I have a few questions about this subroutine.
Is it correct that for datasets presented in Schloss et al. 2011 PLoS ONE paper, you used seq.error to identify the “undetected chimeras” (those which were missed by Uchime etc)? Both seq.error outputs *.error.summary and *.error.chimera have annotations for reads indicating the number of parents. I was assuming that you used this information to filter out the false negatives of chimera detection algorithms, is it correct?

Can you also briefly explain the difference between the seq.error outputs *.error.seq.forward and *.error.seq.reverse? I also could not understand why not all query(read)-reference pairs were included in the output file *.error.ref-query, but rather a subset of read-reference alignments are presented there.

Best regards

Bump…

I think I know what he was asking. I’ll try to rephrase:

This is directly from 454 SOP:

Next, we need to get the sequences that correspond to our mock community (the group name is MOCK.GQY1XT001):

mothur > get.groups(fasta=GQY1XT001.shhh.trim.unique.good.filter.unique.precluster.pick.pick.fasta, group=GQY1XT001.shhh.good.pick.pick.groups> , name=GQY1XT001.shhh.trim.unique.good.filter.unique.precluster.pick.pick.names, groups=MOCK.GQY1XT001> )

He is trying to ask, why would we need to search file fasta=GQY1XT001.shhh.trim.unique.good.filter.unique.precluster.pick.pick.fasta (current analysis data) for barcodes MOCK.GQY1XT001, as there should be no “mock” barcodes in these files listed above?

He is also concerned that if he runs an analysis with his fasta=AAA.fasta, group=AAA.group, name=AAA.names, it also won’t contain any MOCK.AAA barcodes.

This is something I found in SchlossSOP:
There is a GQY1XT001.MOCK.GQY1XT001.shhh.groups file in SchlossSOP folder, for example. This file does contain “GQY1XT001.MOCK.GQY1XT001” groups in it.

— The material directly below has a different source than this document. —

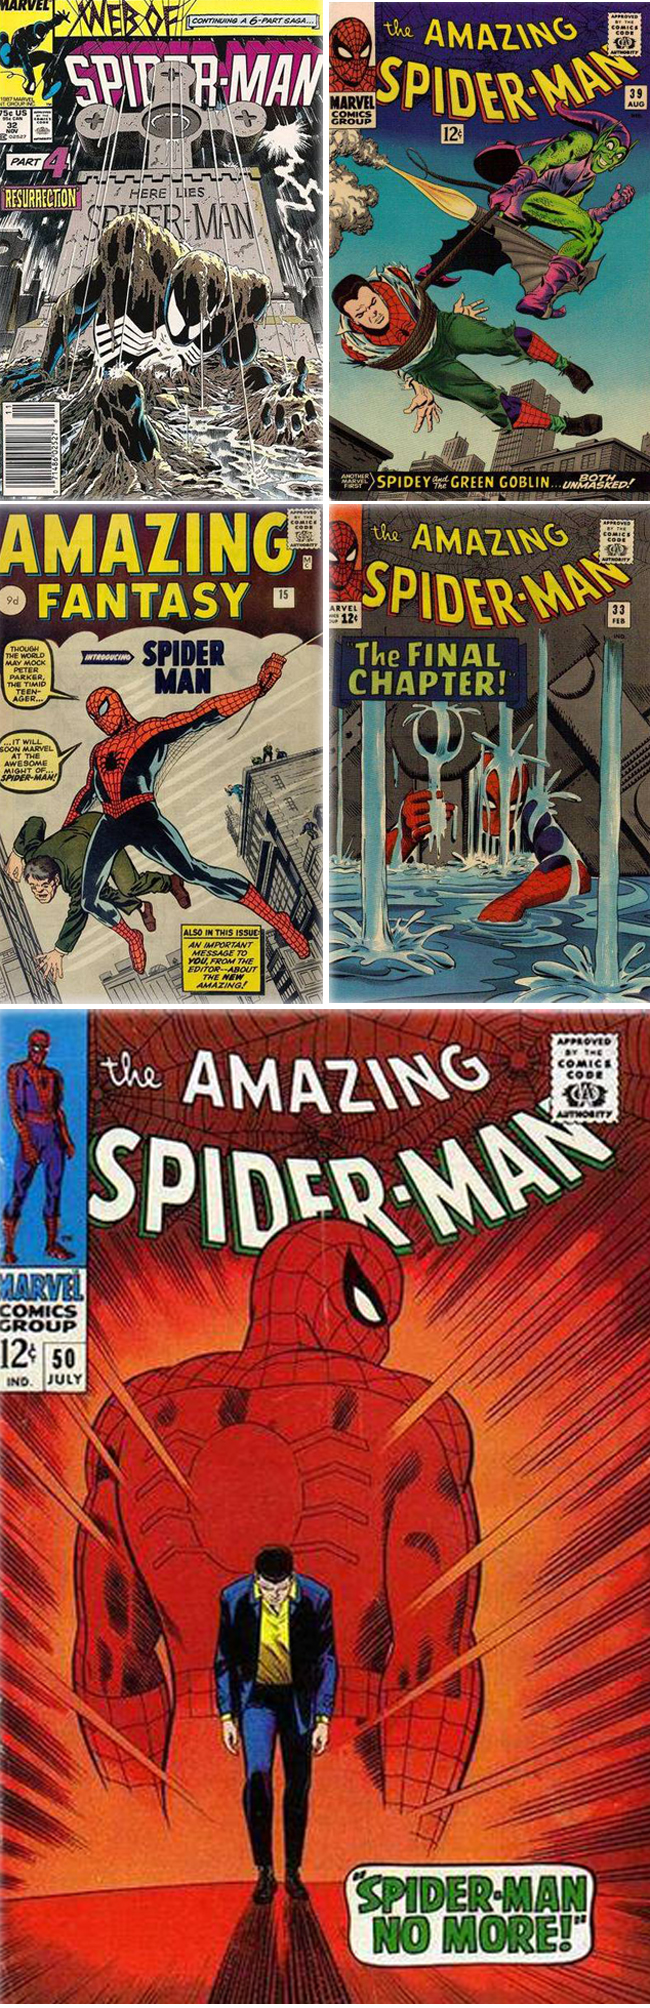 spiderman-comic-portada-madrid-academiac10
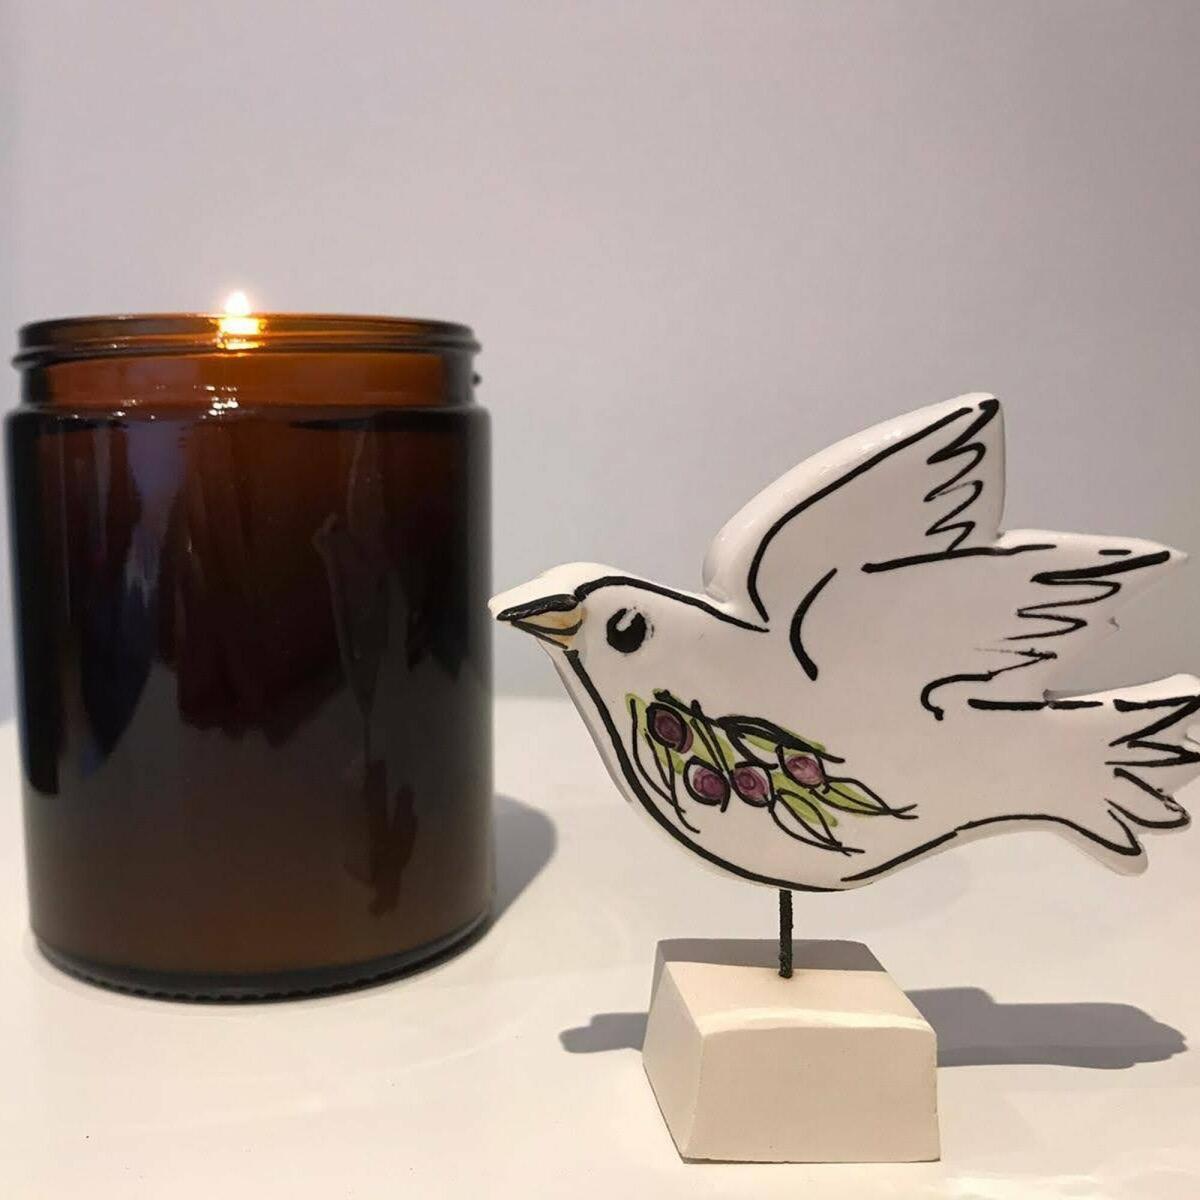 Enjoy the decorative artisan makes

GQY1XT001.oligos file also contain barcode:

barcode AACCGTGTC MOCK.GQY1XT001

Is there some information (steps) missing in 454 SOP regarding this barcode and subsequent analysis? Indeed, this barcode will put sequences starting with AACCGTGTC into MOCK.GQY1XT001 groups, so that we can get those sequences and groups later.

Any comments?
Thanks!

In 454 SOP, there are sequencing samples from mice fecal material (test samples) and mock community composed of genomic DNA from 21 bacterial and archaeal strains that were sequenced together in the same sff file.

All mock communities were sequenced with the barcode listed in GQY1XT001.oligos to put those mock community under a separate “group”.

barcode AACCGTGTC MOCK.GQY1XT001

Obviously, in custom 454 run if you did not sequence identical mock community listed in PLoS ONE 2011 paper, there is no way for you to estimate Specificity or Sensitivity (Error Rate section of 454 SOP) of your analyses.